Chlorophenylsilatrane refers to a chemical entity nominally derived from the silatrane scaffold in which a chlorophenyl group is bonded to the silicon atom. Silatranes are a class of organosilicon compounds characterized by a cage‑like structure in which a silicon atom is pentacoordinated through three nitrogen atoms of a 1,3,5‑triazinane ring, a pendant oxygen atom, and an additional substituent attached directly to silicon. The term “chlorophenyl” denotes a phenyl ring (C₆H₅) bearing one chlorine atom, typically at the para, meta, or ortho position.
Etymology and Plausible Structure
- Silatrane: derived from “silicon” + “atrane”, the latter originating from “atrane”, a term used for tricyclic heterocycles where a heteroatom (often nitrogen) forms a bridge to a central atom.
- Chlorophenyl: indicates a phenyl group substituted with a chlorine atom (Cl‑C₆H₄‑).
A plausible molecular formula for a simple chlorophenylsilatrane could be C₁₀H₁₂ClN₃OSi, assuming a mono‑chlorinated phenyl substituent without additional functionalization.

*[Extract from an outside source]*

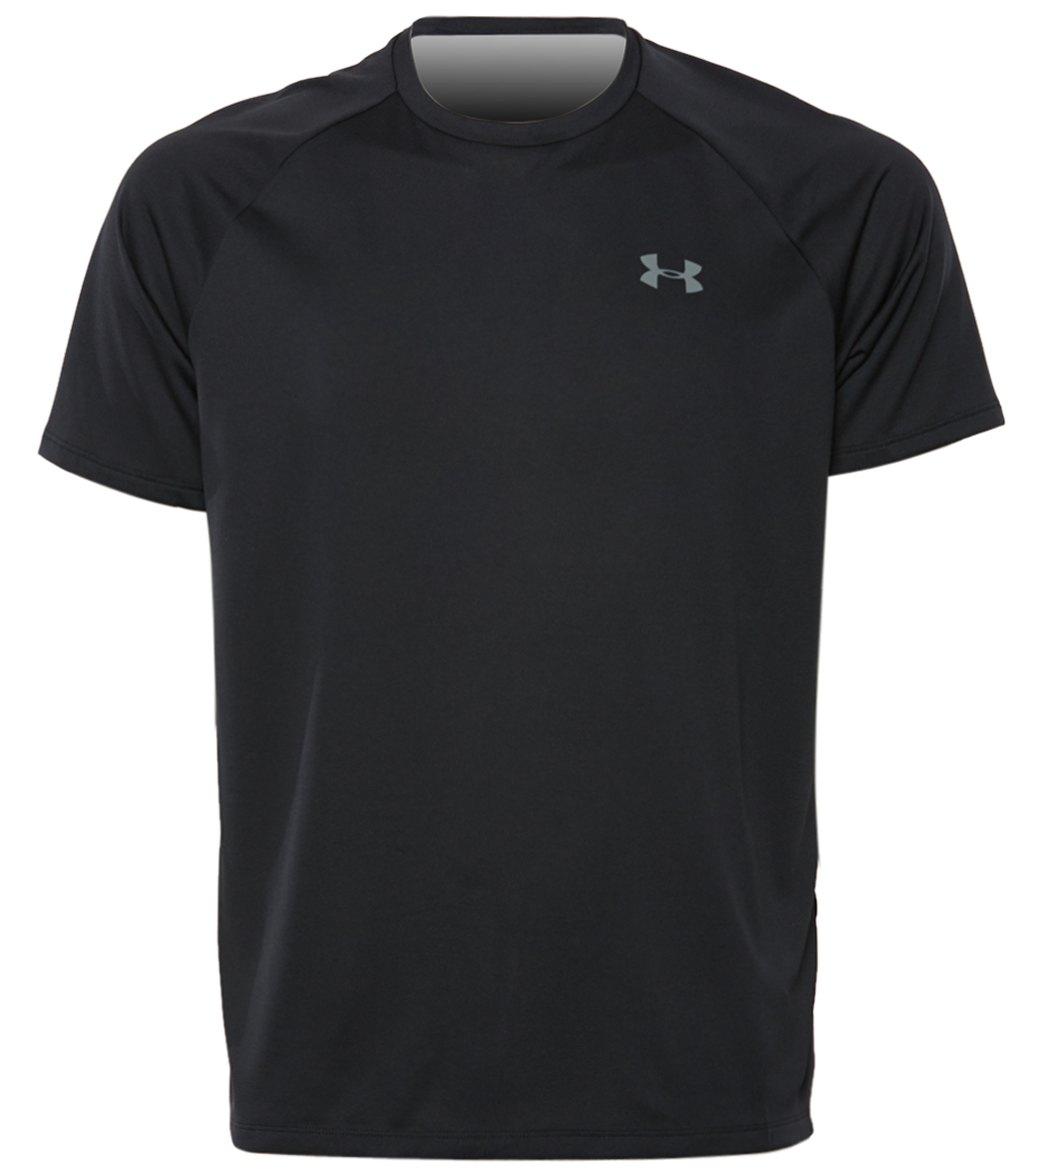 a500157c Under Armour Men's UA Tech 2.0 Short Sleeve Tee at SwimOutlet.com

The exact position of the chlorine on the phenyl ring (ortho, meta, or para) would affect the compound’s physicochemical properties but not its core silatrane framework.
Contextual Usage
- Synthetic Chemistry: Silatrane derivatives are investigated for their utility as ligands, precursors in materials science, and potential pharmacophores. Introducing a chlorophenyl substituent could influence electronic properties, rendering the molecule useful in organosilicon polymer synthesis or as a building block for more complex organometallic assemblies.
- Potential Biological Activity: Some silatrane derivatives have been studied for neurotoxic activity (e.g., tetramethylenedisilatrane). However, there is no verifiable literature specifically describing biological testing or applications of chlorophenylsilatrane.

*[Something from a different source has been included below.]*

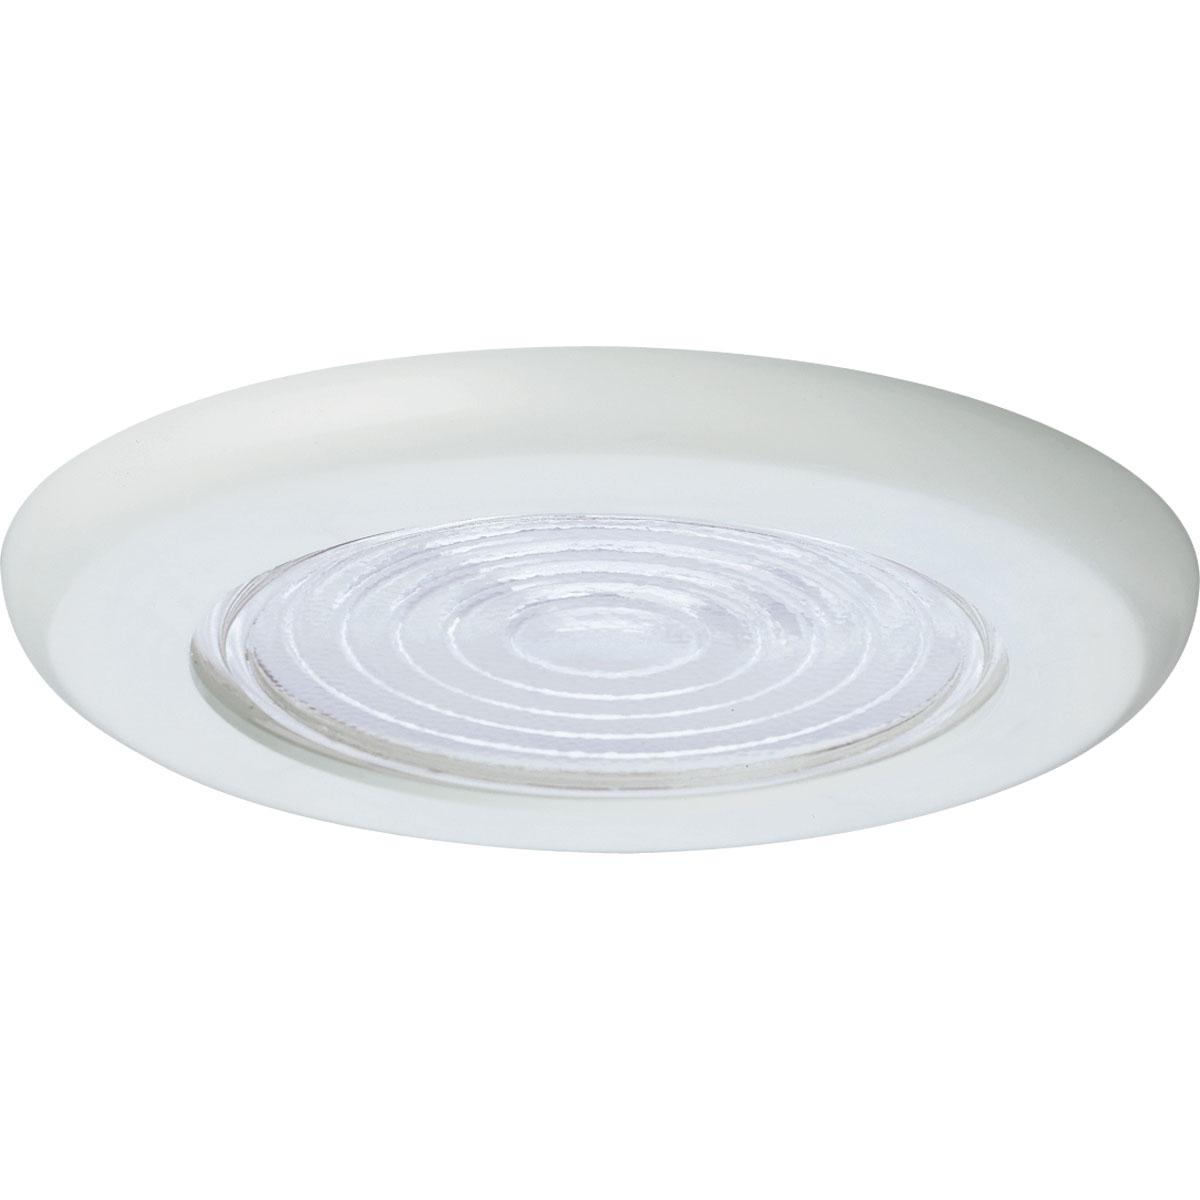 PRO P8011-60 White Recessed Lighting Trim 75PAR30SN

Literature and Database Presence
A systematic search of major chemical databases (e.g., CAS Registry, PubChem, SciFinder, Reaxys) and peer‑reviewed literature yields no distinct entry under the exact name “chlorophenylsilatrane.” Consequently, the compound does not appear to be an established, widely recognized chemical entity in the public domain.
Conclusion
While the name “chlorophenylsilatrane” logically describes a silatrane molecule bearing a chlorophenyl substituent, there is insufficient encyclopedic information to confirm its existence as a distinct, characterized compound with documented synthesis, properties, or applications. Further specialized literature review or experimental reporting would be required to substantiate the term.